Energiewende

Die Länder müssen sich bewegen

Bundeswirtschaftsminister Sigmar Gabriel steht vor einer Deutschland-Flagge an einem Redepult.
Bundeswirtschaftsminister Sigmar Gabriel (SPD) will einen Neustart bei der Energiewende. © picture alliance / dpa / Michael Kappeler
Von Christel Blanke · 30.01.2014
Die Länder verfolgen bei der Energiewende seit Jahren vor allem ihre eigenen Interessen. Aber auch Sigmar Gabriel muss schnell Antworten auf dringende Fragen liefern, meint Deutschlandradio-Korrespondentin Christel Blanke.
Kein Gesetz verlässt den Bundestag so, wie es hineinkommt. Dieser Leitsatz des früheren SPD-Fraktionsvorsitzenden Peter Struck muss in diesem Fall um einen weiteren erweitert werden: Kein Bundesminister kann die Energiewende bewerkstelligen, ohne auch die Bundesländer mit ins Boot zu holen. Allerdings sollten die es auch nicht übertreiben.
Alle paar Monate sitzen die Ministerpräsidenten mit der Bundeskanzlerin zusammen und machen die Energiewende zur Chefsache. Jedes Mal sitzen sie nach Abschluss der Gespräche vor der Presse und versichern: Nur gemeinsam könne diese Herkulesaufgabe bewerkstelligt werden. Und jedes Mal gehen sie dann nach Hause und werkeln weiter an ihrer eigenen Agenda.
Die Summe von Einzelinteressen macht noch kein Gesamtkonzept
Es ist ja verständlich, dass die Ministerpräsidenten das Wohl ihres jeweiligen Landes im Blick haben. Dass Bayern und Baden-Württemberg sich sorgen, ob jederzeit Strom verfügbar sein wird, wenn in den kommenden Jahren die Atomkraftwerke vom Netz gehen. Dass Nordrhein-Westfalen sich als Industriestandort behaupten will.

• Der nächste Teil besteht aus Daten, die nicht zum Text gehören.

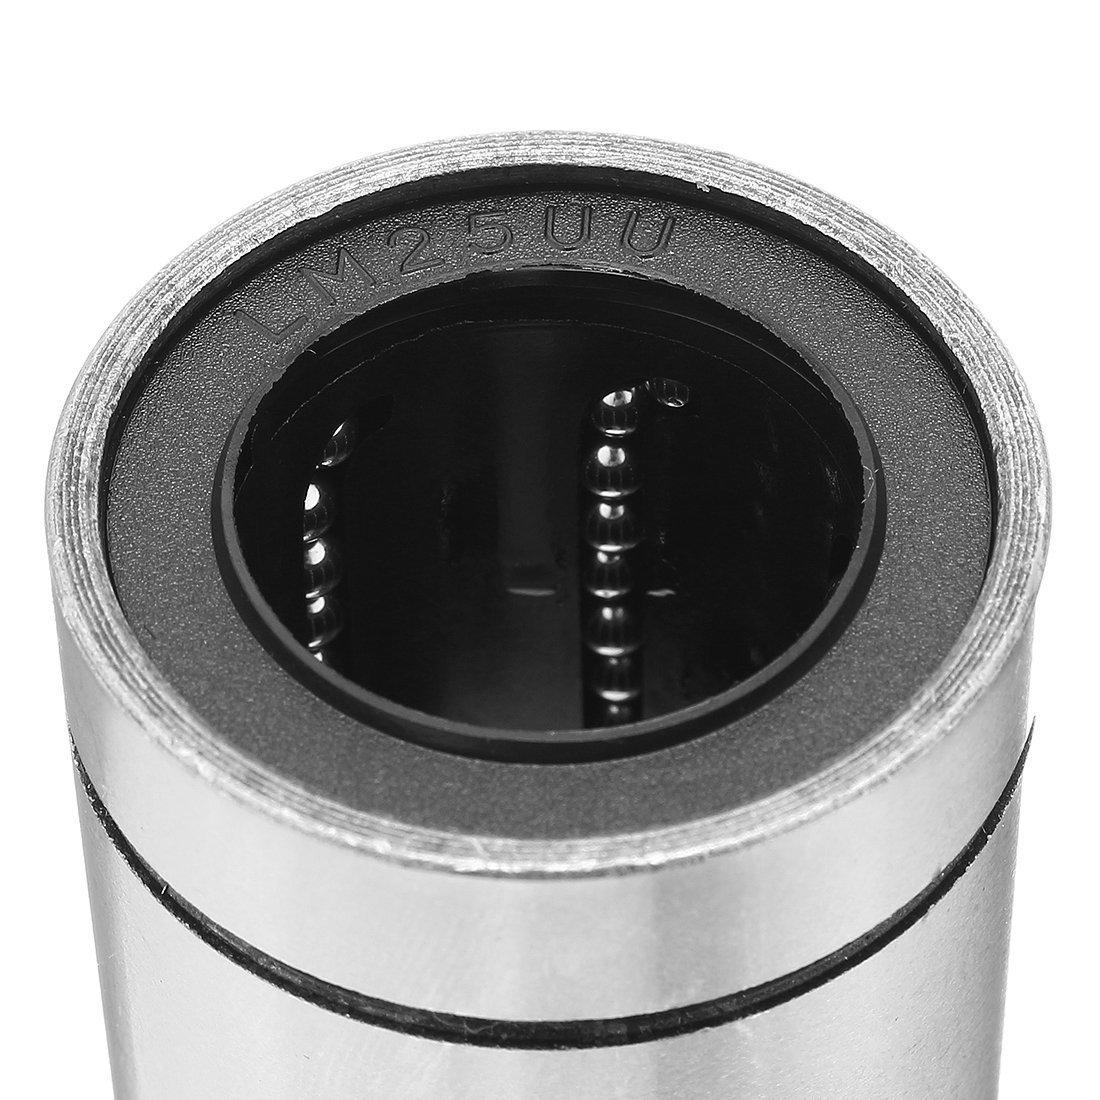 SNOWINSPRING LM25UU 25mm x 40mm x 59mm Doppelseite Gummidichtung Linearbewegung Kugel Lagerbuchse

Und Schleswig-Holstein als Hochburg der Windenergieproduktion. Doch Sigmar Gabriel hat Recht, wenn er sagt: Die Summe von Einzelinteressen macht noch kein Gesamtkonzept.
Gemeinsam mit den Landesministern hat der SPD-Chef nun einen Energiewendekonsens versprochen. Das Gespräch heute war ein erster Schritt dahin. Weitere müssen folgen. Die Länder müssen sich bewegen. Aber auch der Bund. Da ist noch vieles vage formuliert in Gabriels Eckpunkten. Und einiges hat er ganz ausgelassen. Wie will er es zum Beispiel bewerkstelligen, dass die EEG-Umlage durch den immer billiger werdenden Börsenstrom nicht immer größer wird? Denn darüber muss die Differenz zwischen dem Börsenpreis und den garantierten Einspeisevergütungen finanziert werden.
Gabriel bleibt nicht viel Zeit für Antworten
Wie sieht die Zukunft fossiler Kraftwerke aus? Bayern und Baden-Württemberg fordern Kapazitätsmechanismen. Damit Betreiber ihre Kraftwerke für die Zeiten am Netz halten, in denen Wind und Sonne keine Energie liefern. Reservekapazitäten sollen einen Preis bekommen, damit unrentable Anlagen nicht einfach stillgelegt werden. Die Bundesregierung schreckt davor bisher zurück, denn es könnte teuer werden. Doch was ist die Alternative, wenn sich der Betrieb wegen des immer größer werdenden Ökostromangebots nicht mehr lohnt?
Auch für die angekündigten Änderungen bei der Befreiung energieintensiver Betriebe von der EEG-Umlage fehlen bisher konkrete Angaben. Klar ist nur, dass der Kreis der Privilegierten kleiner werden soll. Auch weil die EU-Kommission eine unerlaubte Beihilfe wittert. Doch welche Unternehmen betroffen sein werden, ob ganze Branchen auf die Befreiung verzichten müssen, dazu schweigt der Minister bisher.
Wer Planungssicherheit für alle verspricht, der muss Antworten auf diese Fragen liefern. Viel Zeit dafür bleibt Gabriel nicht, wenn seine Reform im Sommer im Konsens in Kraft treten soll.